Si la gauche israélienne voulait signifier que plus rien ne la distinguait du chef du gouvernement d’union nationale, responsable des massacres de Sabra et Chatila, auteur de la provocation de l’Esplanade des Mosquées qui relança l’Intifada à l’automne 2000, quel meilleur chef pouvait-elle se donner que Ben Eliezer, ministre de la Défense d’Ariel Sharon, ancien général comme celui-ci, accusé comme lui de crime de guerre pour avoir, en 1967, fait exécuter des dizaines de prisonniers arabes ? C’est pourtant lui qui vient d’être élu à la tête du Parti travailliste.

Voilà l’aboutissement logique d’une trajectoire qui a vu les travaillistes piétiner sans relâche les espoirs de paix qu’une fraction parfois majoritaire de l’électorat plaçait, bien à tort, en eux. Leur décision du 5 décembre dernier de se maintenir au sein du gouvernement d’union nationale était ainsi commentée par l’un des dirigeants du parti, opposant de gauche pourtant guère radical, Yossi Beilin : « Sharon est venu au pouvoir pour détruire toute chance de paix. L’ironie de l’histoire c’est qu’il y parvient avec l’aide des travaillistes ».

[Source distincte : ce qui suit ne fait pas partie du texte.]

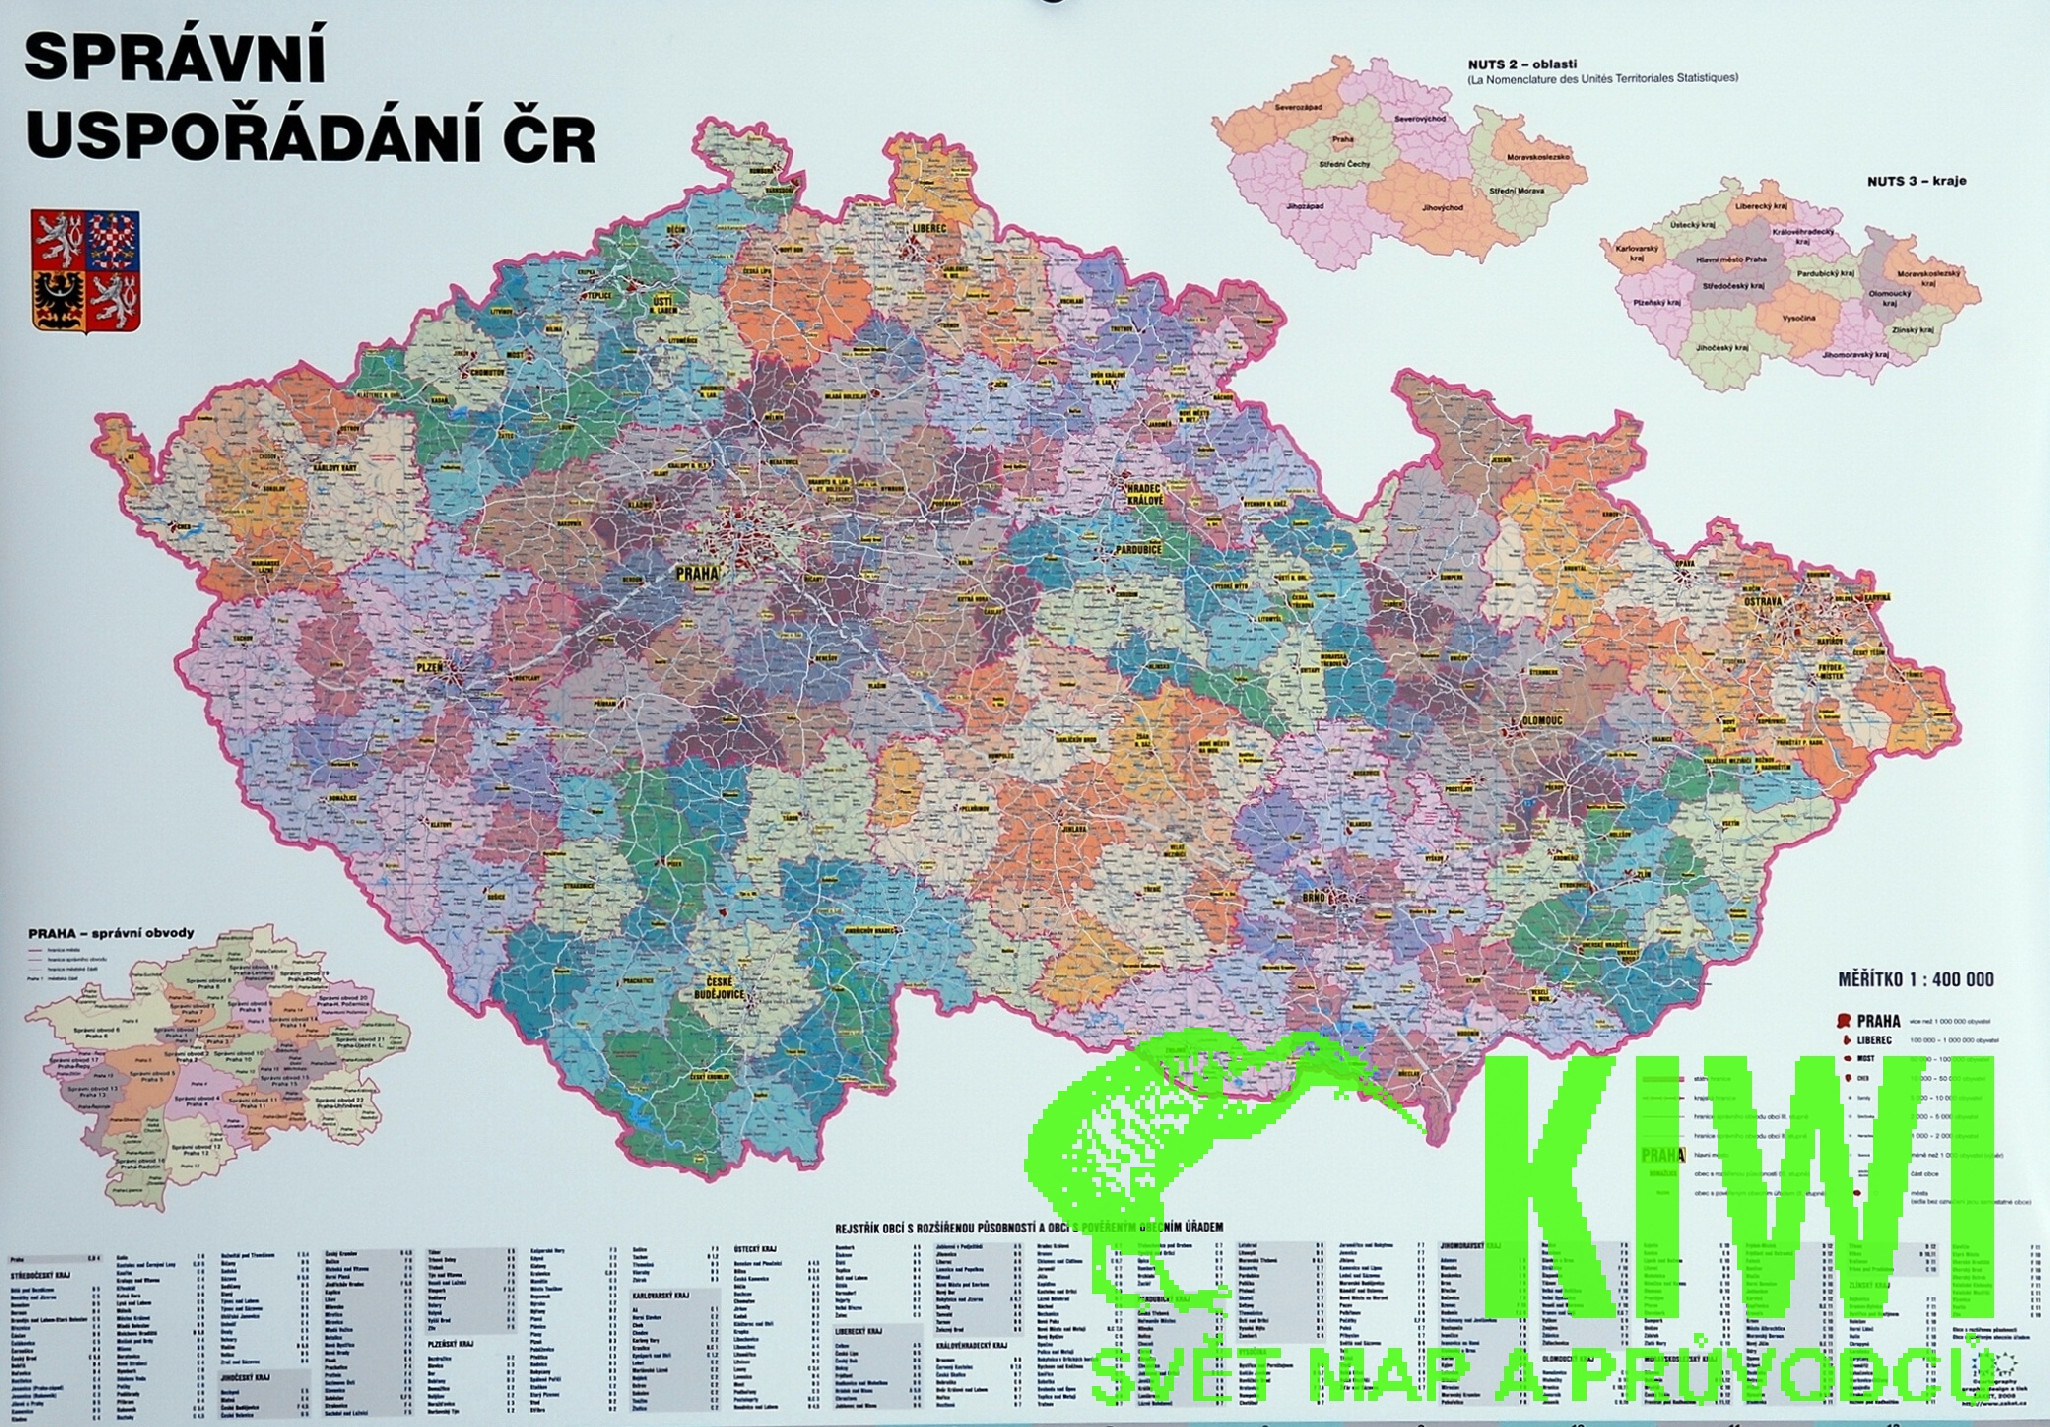 Žaket vydavatelství nástěnná mapa ČR 1:400 t. - admin.,137x97 cm - lišta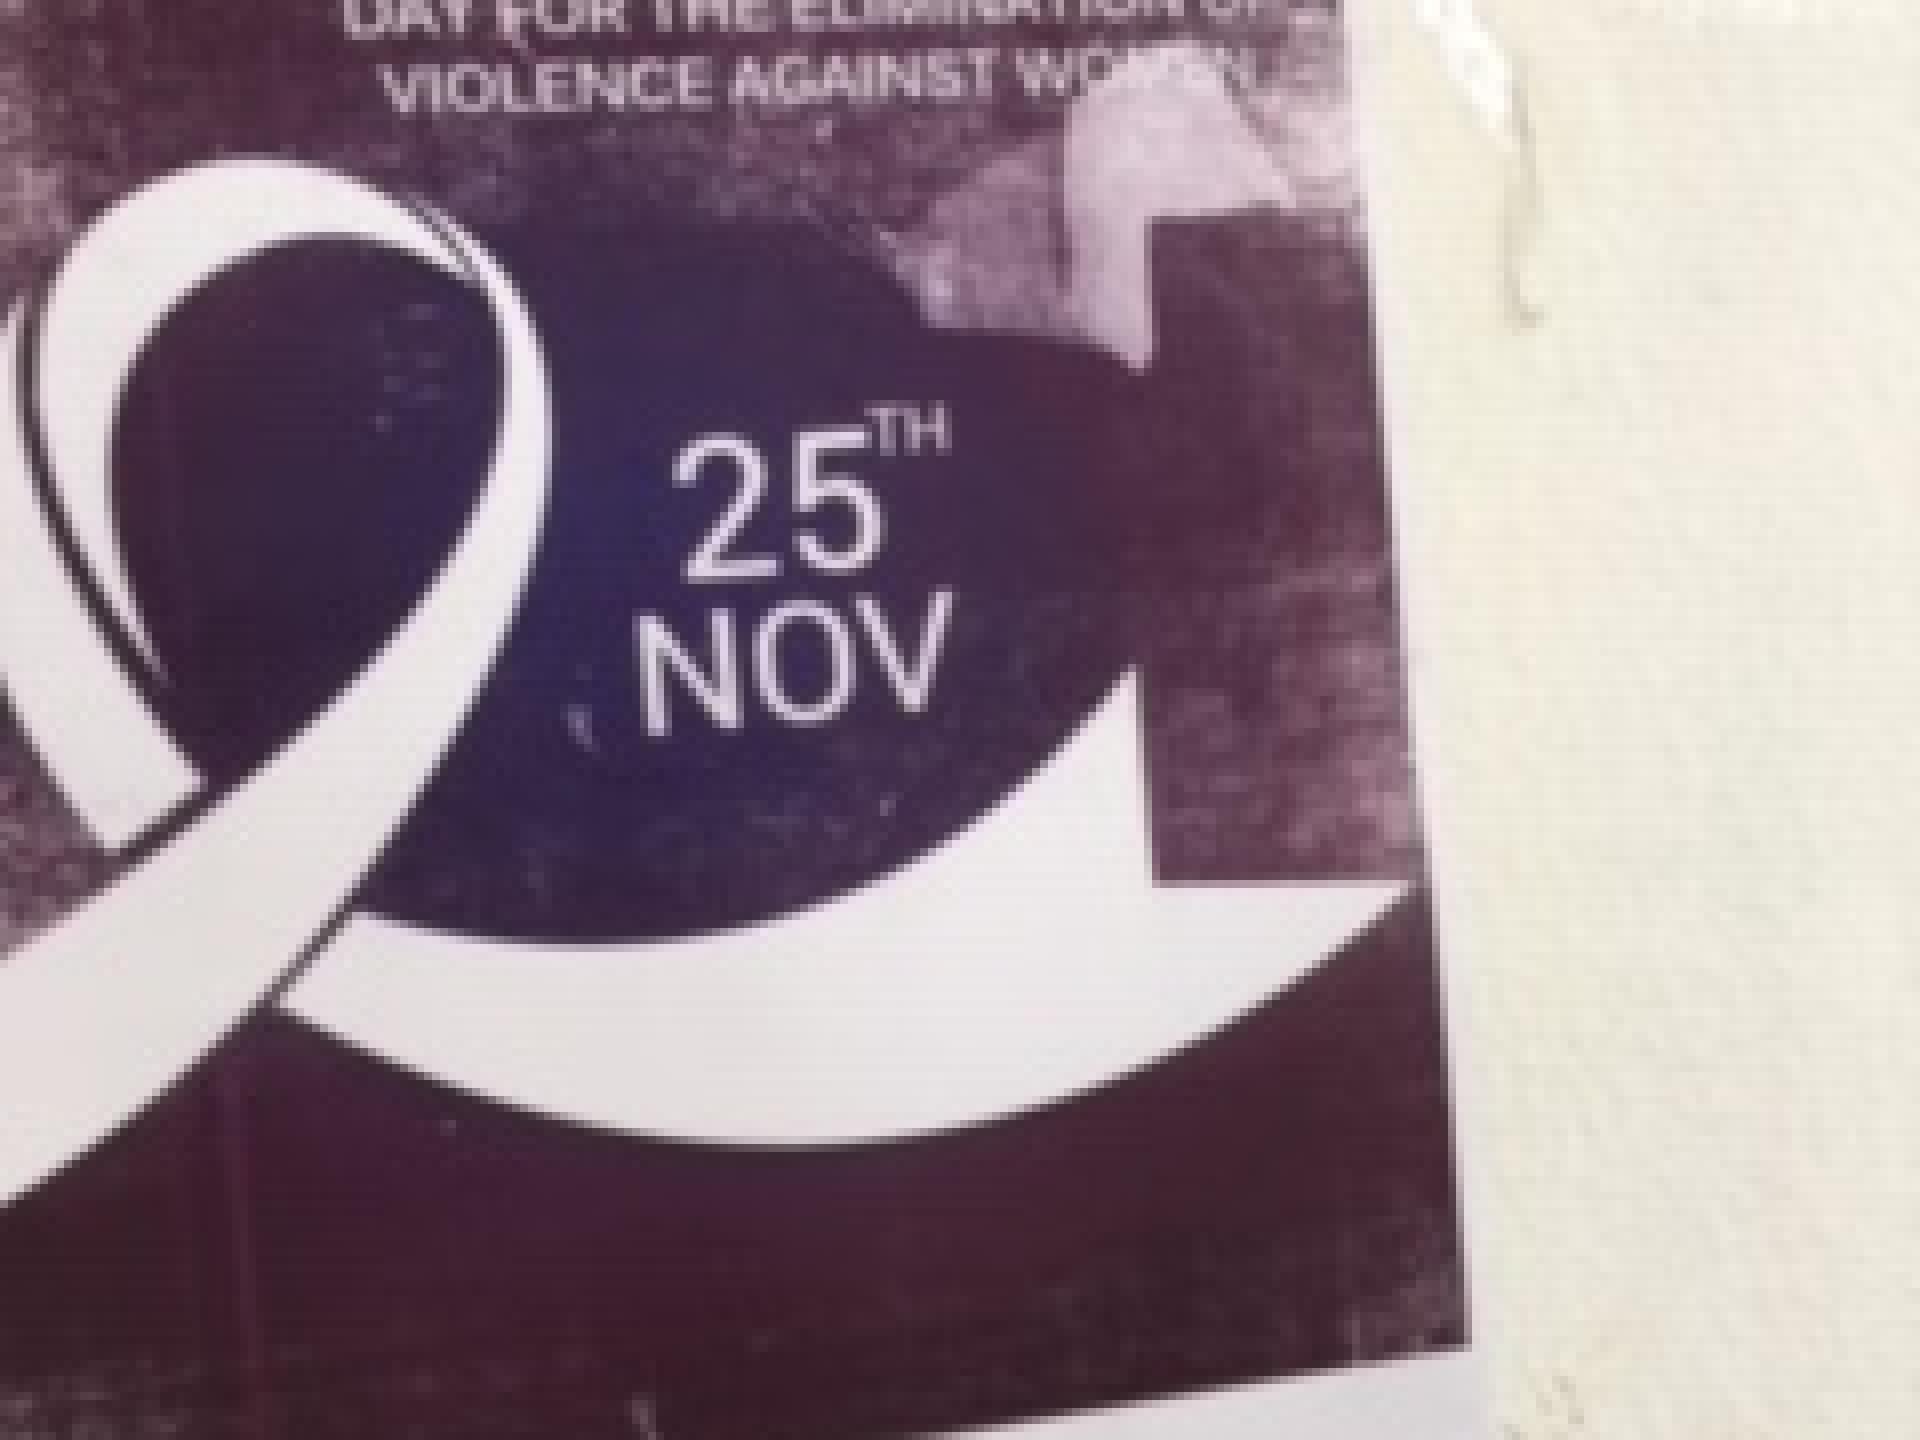 פוסטר על הקיר: "יום בינלאומי למיגור אלימות נגד נשים.”

Barak, fourrier de l’extrême-droite

La gauche travailliste, représentant environ le tiers du parti, incarnée par Beilin, Avraham Burg, le président de la Knesset, ou Schlomo Ben Ami, critique aujourd’hui les « faucons » du parti. C’est oublier un peu vite que le triomphe actuel des Sharon et consorts est le fruit de la politique menée par son prédécesseur travailliste Barak, dont Ben Ami fut le ministre des affaires étrangères et Beilin le ministre de la justice.

Or sous le gouvernement Barak le rythme d’implantation des nouvelles colonies au-delà des frontières de 1967 ne s’est pas même ralenti par rapport à ce qu’il fut sous Nétanyahou, son prédécesseur de droite. Résultat : ces implantations ont gonflé de plus de 50 % par rapport à 1993, date des accords d’Oslo.

Non content de donner ainsi de nouveaux gages à l’extrême-droite, Barak a cautionné la provocation de Sharon sur l’Esplanade des Mosquées, l’escortant de 2000 policiers et militaires avant de s’engager dans une vague de répression.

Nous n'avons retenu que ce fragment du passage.